As for the reasons I haven't rebuilt it yet, I was planning to bump the igc/cleanup some patches in one step, but that's blocked due to intel/intel-graphics-compiler#273 currently.

@frantisekz

Since the issue seems to be fixed now, is there still any good reason to hold back on finally enabling level-zero-support for the Fedora package?

frantisekz commented 1 year ago

As for the reasons I haven't rebuilt it yet, I was planning to bump the igc/cleanup some patches in one step, but that's blocked due to intel/intel-graphics-compiler#273 currently.

@frantisekz

Since the issue seems to be fixed now, is there still any good reason to hold back on finally enabling level-zero-support for the Fedora package?

I've enabled it yesterday in f38/f39: https://src.fedoraproject.org/rpms/intel-compute-runtime/c/4b75ca7295a7debf4f37848e38013ca82b482928?branch=rawhide

You can install intel-compute-runtime (which is meta package that pulls CL and L0) or intel-level-zero there. (Disclaimer: I didn't test the L0 sanity).

I'd like to make it happen in f37 too, however gmmlib'd have to be bumped and it might be unnecessary hassle with f38 coming soon.

novemberist commented 1 year ago

Thanks for heads up and your work on this. I think I will stick to running the oneapi stack through an Arch container for the time being. I guess most packages that make use of oneapi, like blender, would not be recompiled with oneapi support before F38 arrives anyway. And it seems kernel 6.2 is somewhat required for a smooth experience.

eero-t commented 1 year ago

I did some benchmark runs on Blender afterwards and it seems slow with scores under 1k, but I guess that is somewhat outside of the scope of this issue. Seems great that it was all that it took to get it working and I guess Fedora users will need to wait for everything to trickle down but thank you for your work and maintaining the package for us users.

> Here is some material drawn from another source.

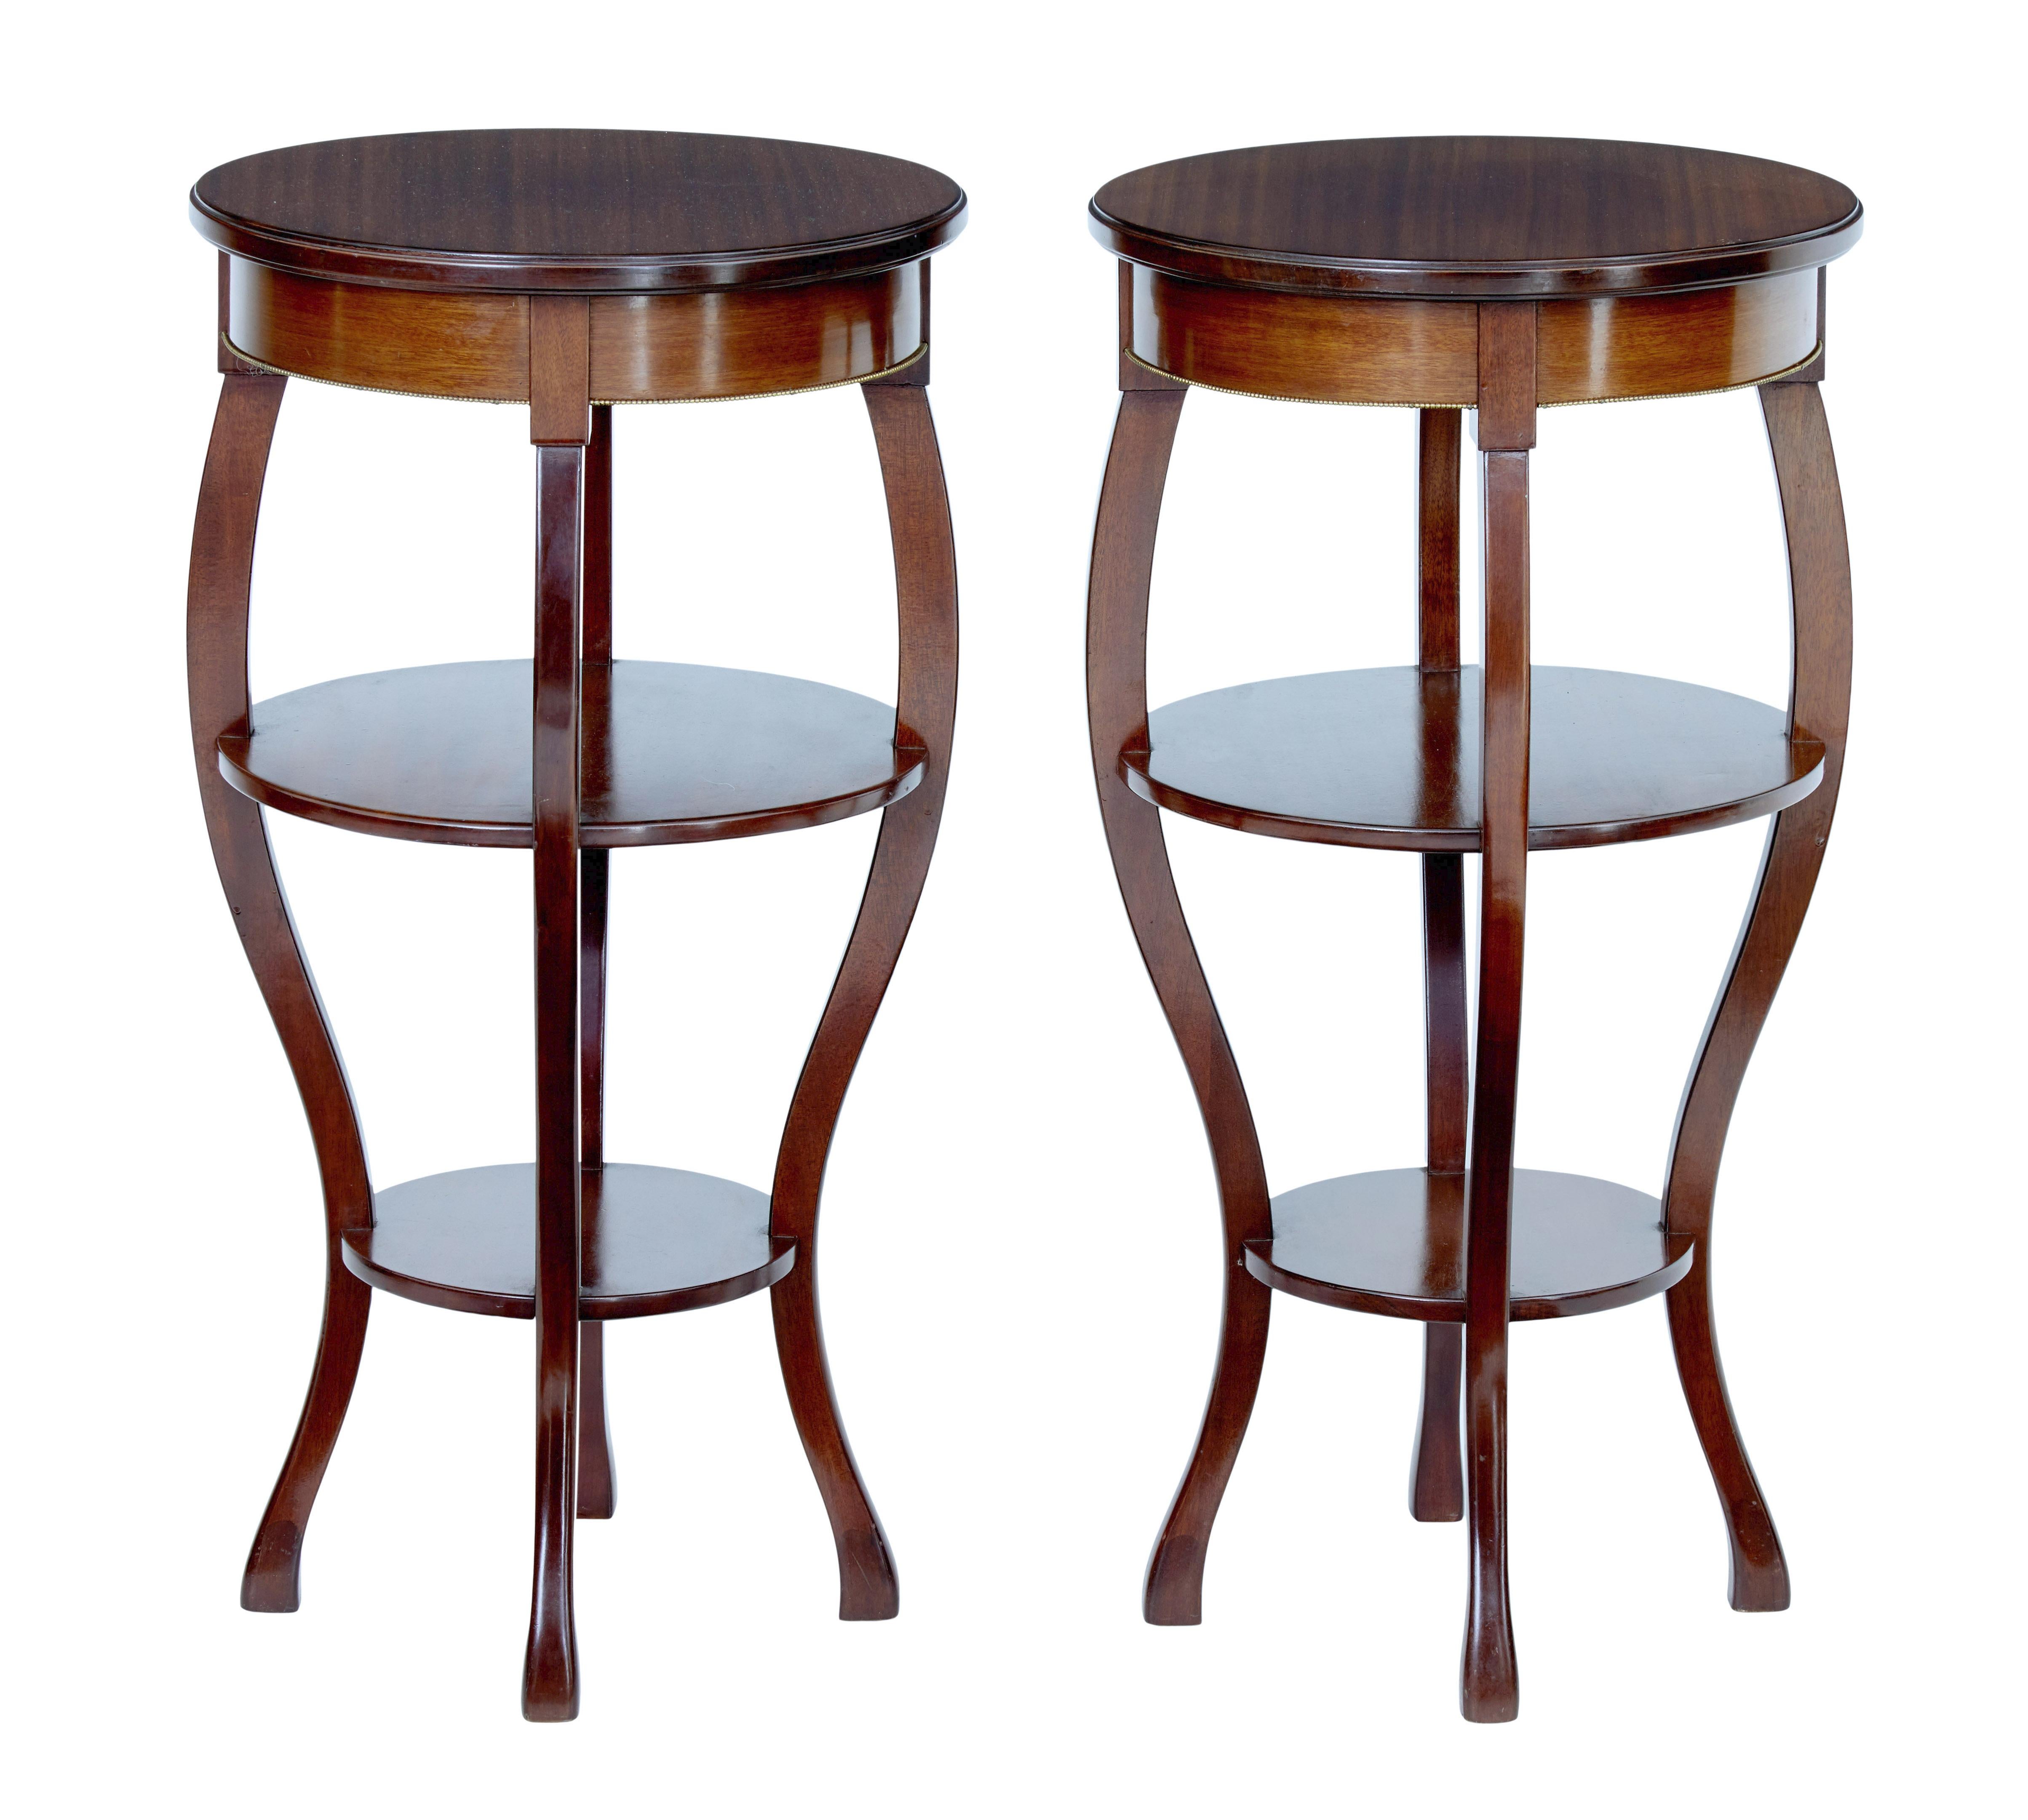 Good quality pair of occasional tables, circa 1950.

Made in mahogany and very much in the Empire taste. Circular tops with brass beading detail to the frieze. Standing on 4 sabre legs with a further 2 circular shelves supported between the

My hypothesis was wrong then. But I am leaving the issue open for now because it does still seem strange still that these SVM series of patches hasn't gotten into mainline Linux. I'm glad at least it's not essential for getting things to work but it's unclear if it is needed in any significant way for speed or etc, which may explain the above slow Blender test scores.

@simonlui Maybe you could check with intel_gpu_top tool [1] whether Blender is keeping GPU busy (freqs up and utilization near 100%), or is its performance bound by something else than GPU side work?

[1] Fedora: igt-gpu-tools package, Debian/Ubuntu: intel-gpu-tools package

simonlui commented 7 months ago

Sorry, I came across this cleaning some other issues I had lying around and I should've closed this a while back but yeah, with the updates made to Blender and the various packages with Level Zero and etc, Blender was able to get to the speeds expected in the benchmark.

Edit: I should mention that i915 SVM support isn't needed and while it would be welcomed, hasn't evidently made its way into mainline so I am hoping that gets rectified at some point.

eero-t commented 7 months ago

Edit: I should mention that i915 SVM support isn't needed and while it would be welcomed, hasn't evidently made its way into mainline so I am hoping that gets rectified at some point.